WHAT IS REQUIRED: The records below hold a stretch from the line with "Reusable Folding Not-slip" through the line with "Mukti x Ojas"; return exactly those lines, ends included, and nothing more.

ENTRIES PROVIDED:
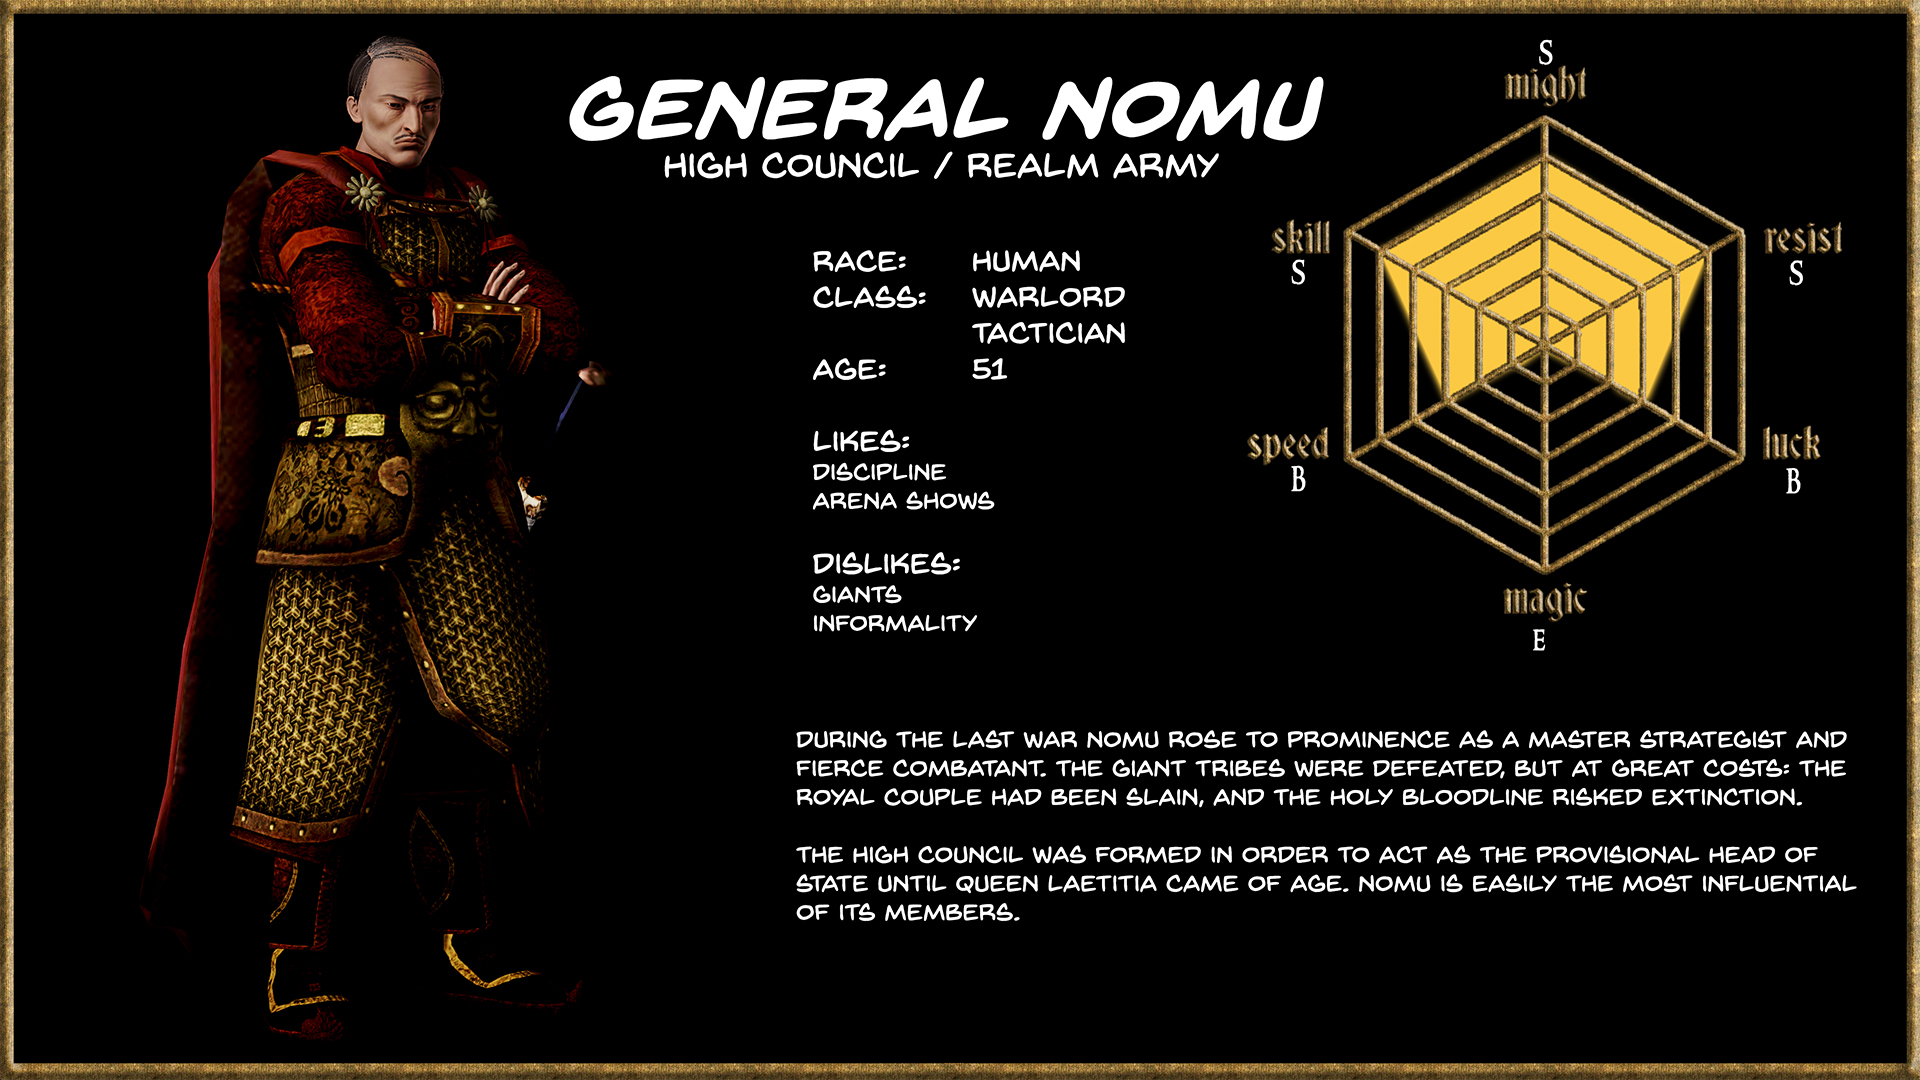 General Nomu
==
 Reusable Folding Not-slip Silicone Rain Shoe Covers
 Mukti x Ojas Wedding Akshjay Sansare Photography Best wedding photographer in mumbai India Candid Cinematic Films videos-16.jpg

WRITTEN REPLY:
 Reusable Folding Not-slip Silicone Rain Shoe Covers
 Mukti x Ojas Wedding Akshjay Sansare Photography Best wedding photographer in mumbai India Candid Cinematic Films videos-16.jpg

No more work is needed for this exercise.